A collection of projectile point artifacts found by Harry Christensen on the family farm near the community of Dalum (49 minutes west of Strathmore) is being donated to the Royal Alberta Museum in Edmonton. The artifacts are estimated to be between 2,000 to 4,600 years old.
Christensen is 98 years old and was born and raised on a family farm near Dalum but has since moved to a care facility in Calgary to be closer to his family. He still remembers where he had found the first artifact.
"It was in the county schoolyard (Dalum School) when I was trapping gophers. There was one that was trapped in a hole and then I saw a funny-looking rock on the mound that was in the hole....then I picked up the arrowhead."

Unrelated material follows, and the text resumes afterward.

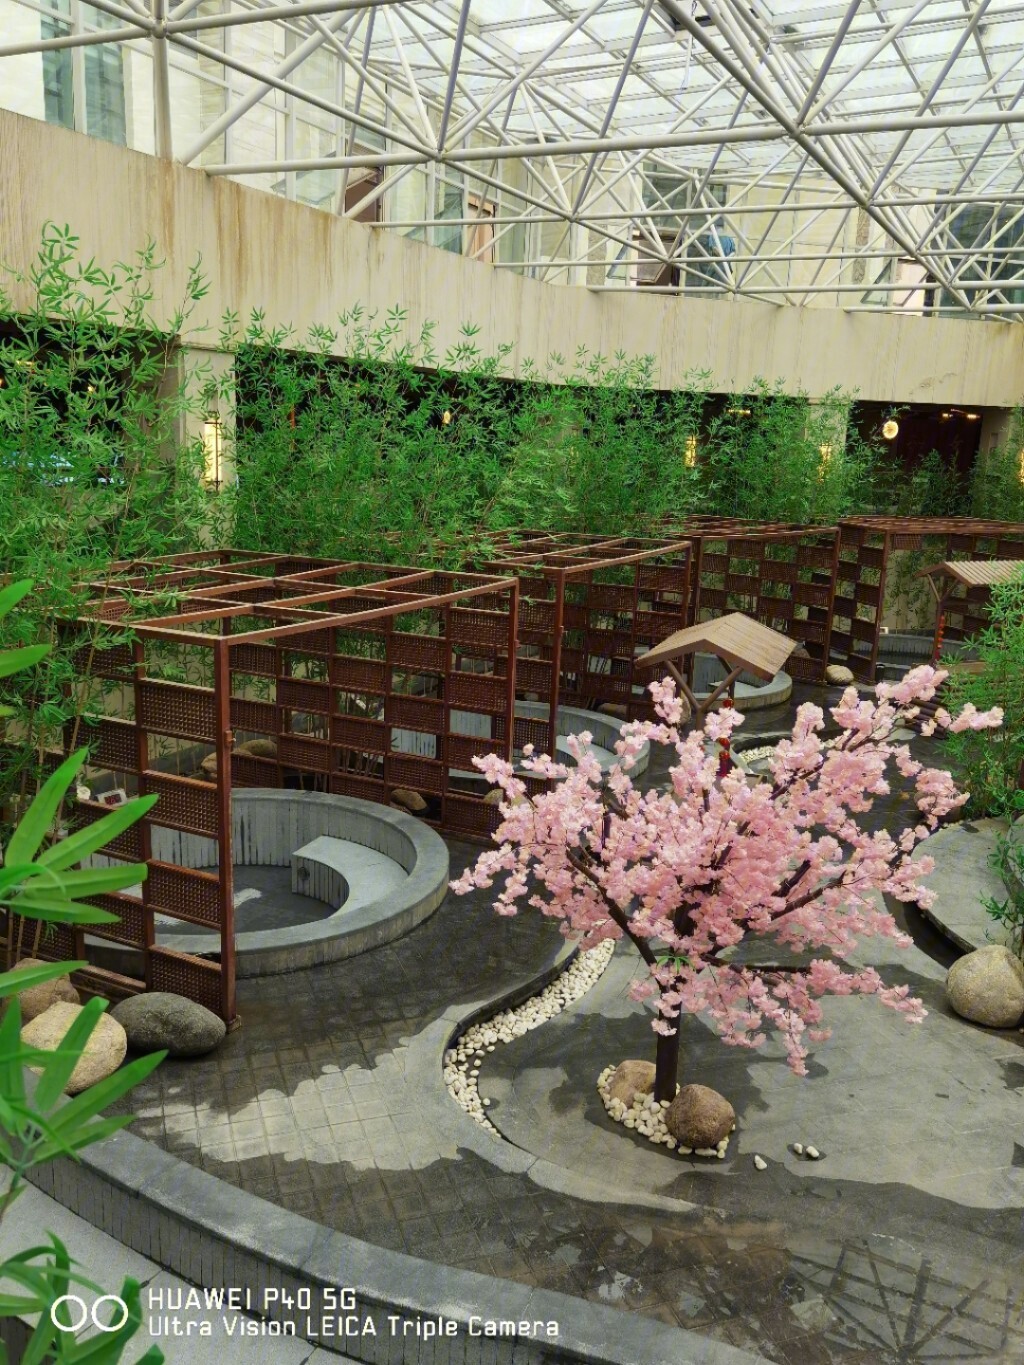 天庆温泉酒店图1:半户外式温泉,是露天的,有一个大池子和几个小池子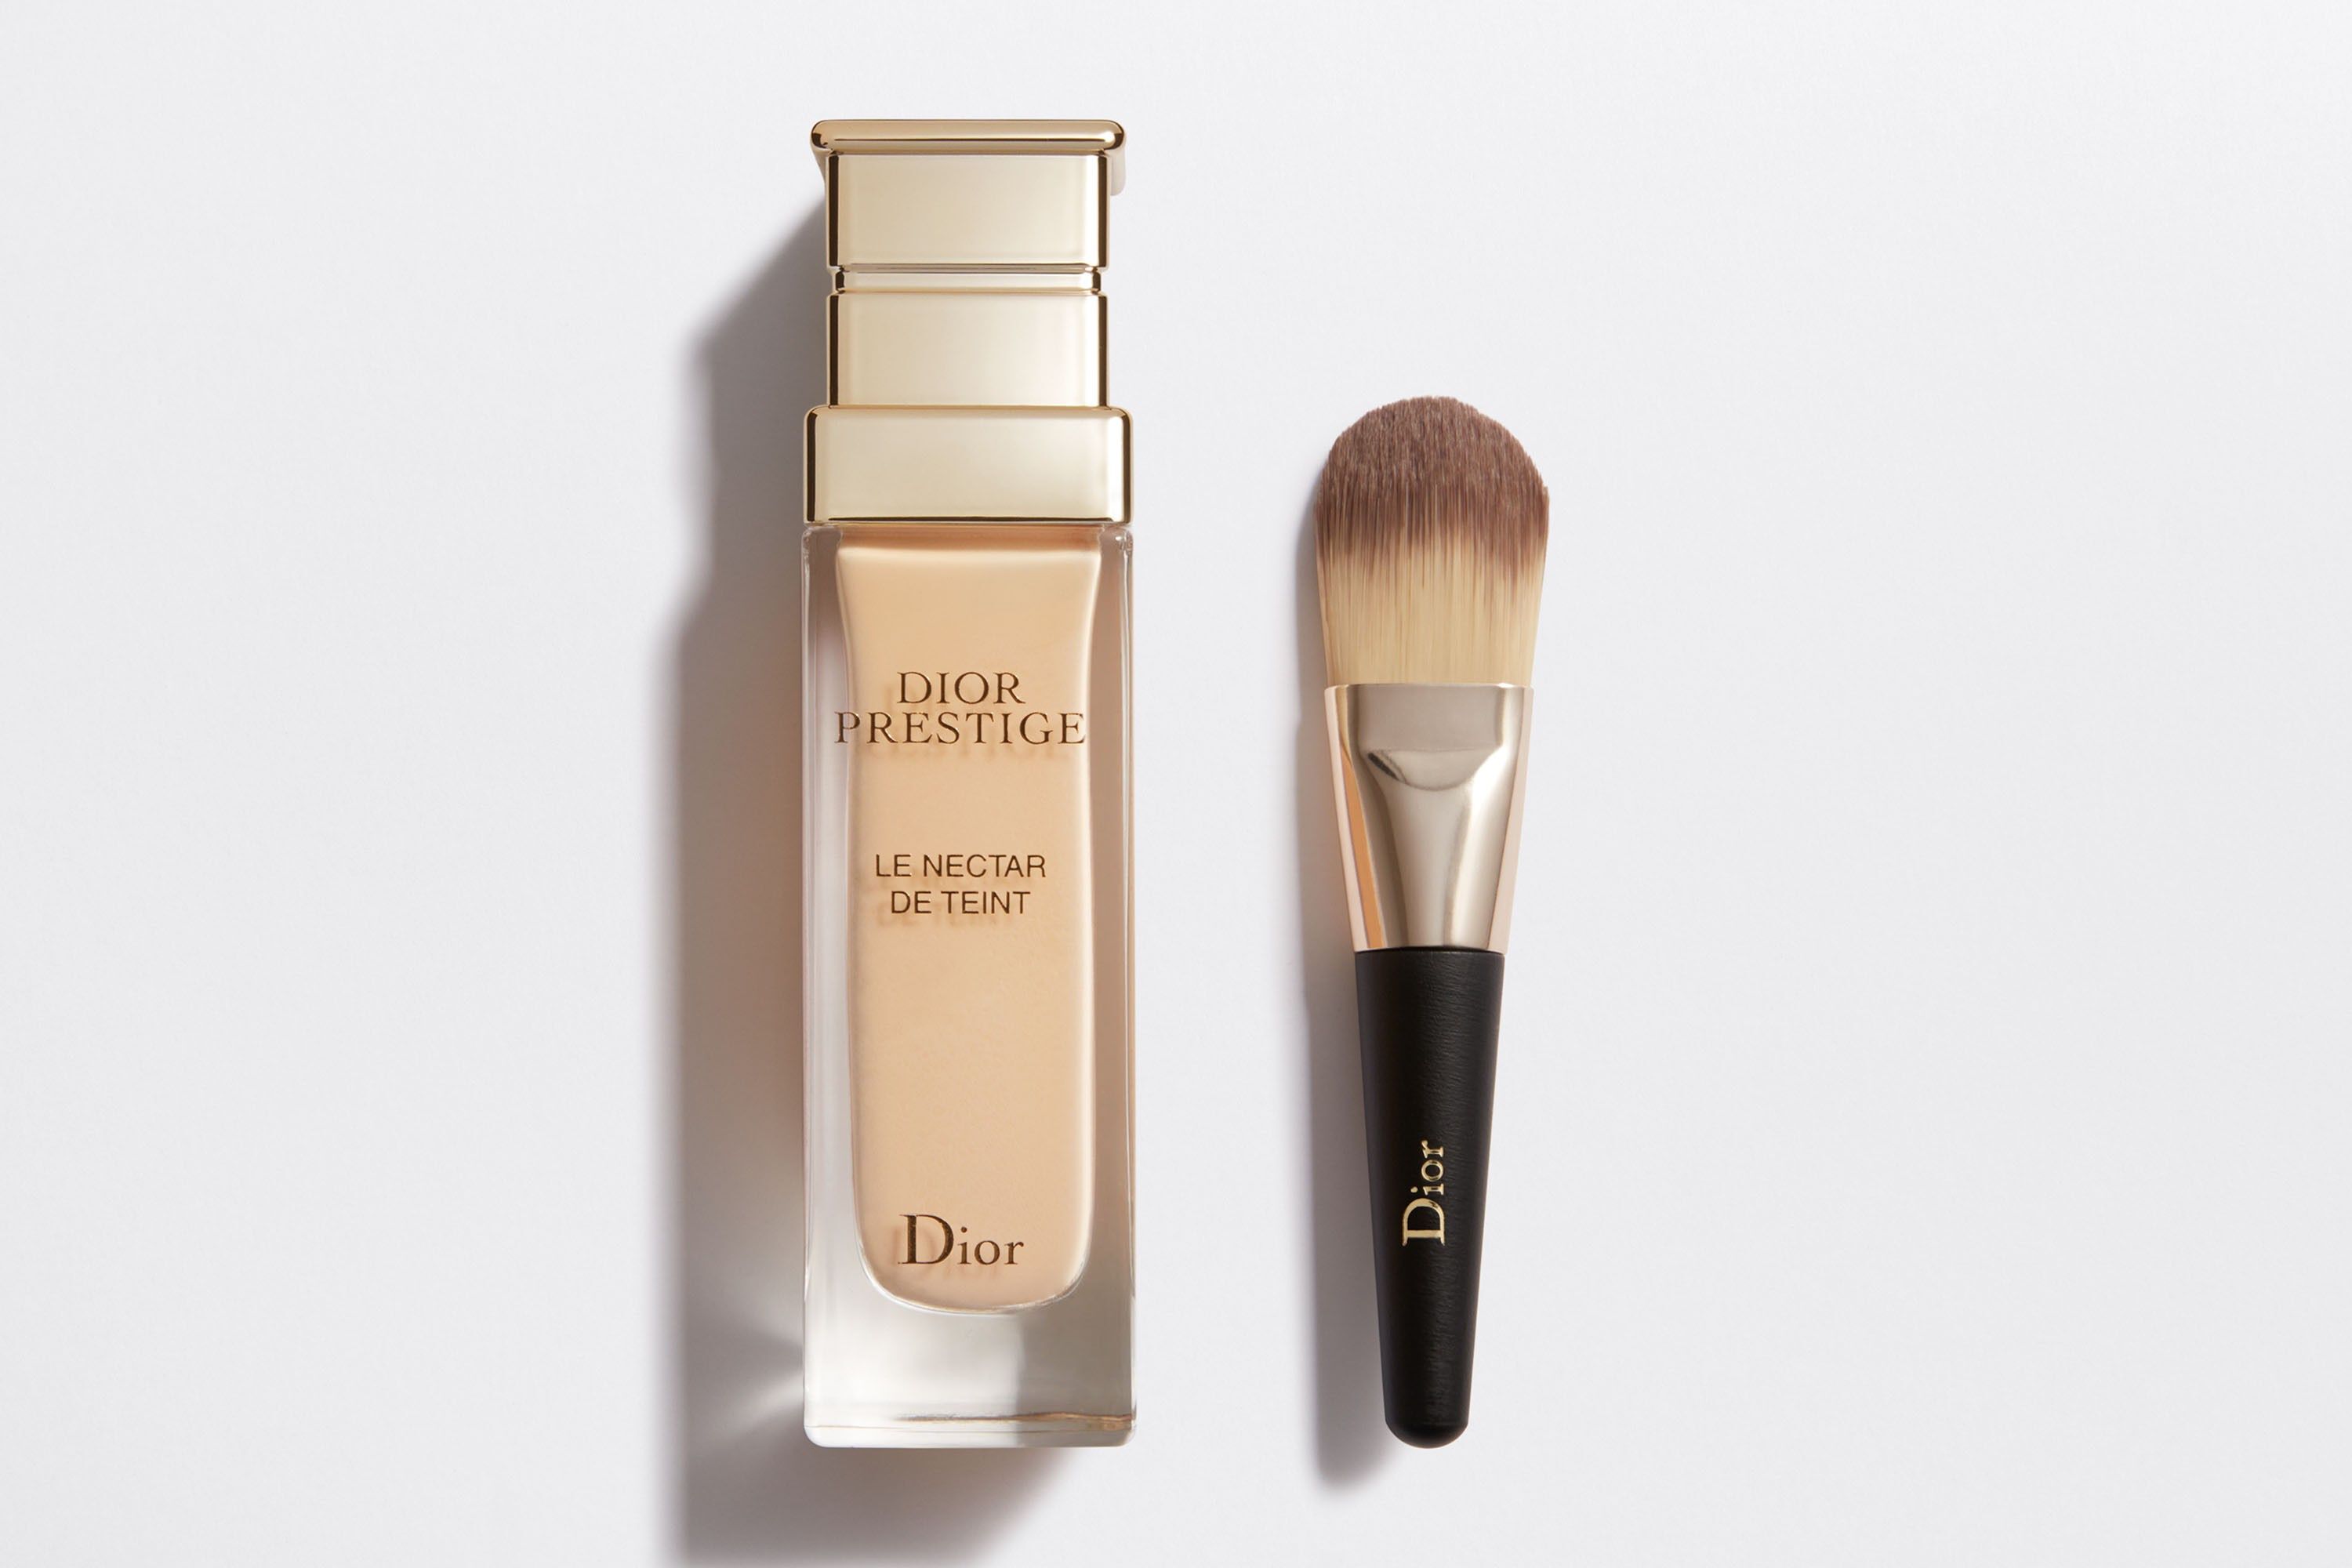 Dior Prestige Prestige Le Nectar de Nuit by DIOR  Buy online   parfumdreams

Christensen says that was around 1938 or 1939 and then he happened upon a second arrowhead just days later. In total, Harry estimates he found around 30 or 40 arrowheads by 1979 to 1980; most of his collection was found on the farm.
Christensen's nephew, Harold Whittaker, was the one who asked him if it was okay if he considered donating his collection to the Royal Alberta Museum in Edmonton. Then he decided to reach out to the Curator of Archaeology at the Royal Alberta Museum, Kyle Forsythe, regarding the collection and they were delighted to have donated.
"I think it's just wonderful to have them in this museum, and I think that was a great thing to do," Christensen said.
The arrowheads were to be mailed to the Royal Alberta Museum before the end of August where they will undergo additional examination of the physical artifacts.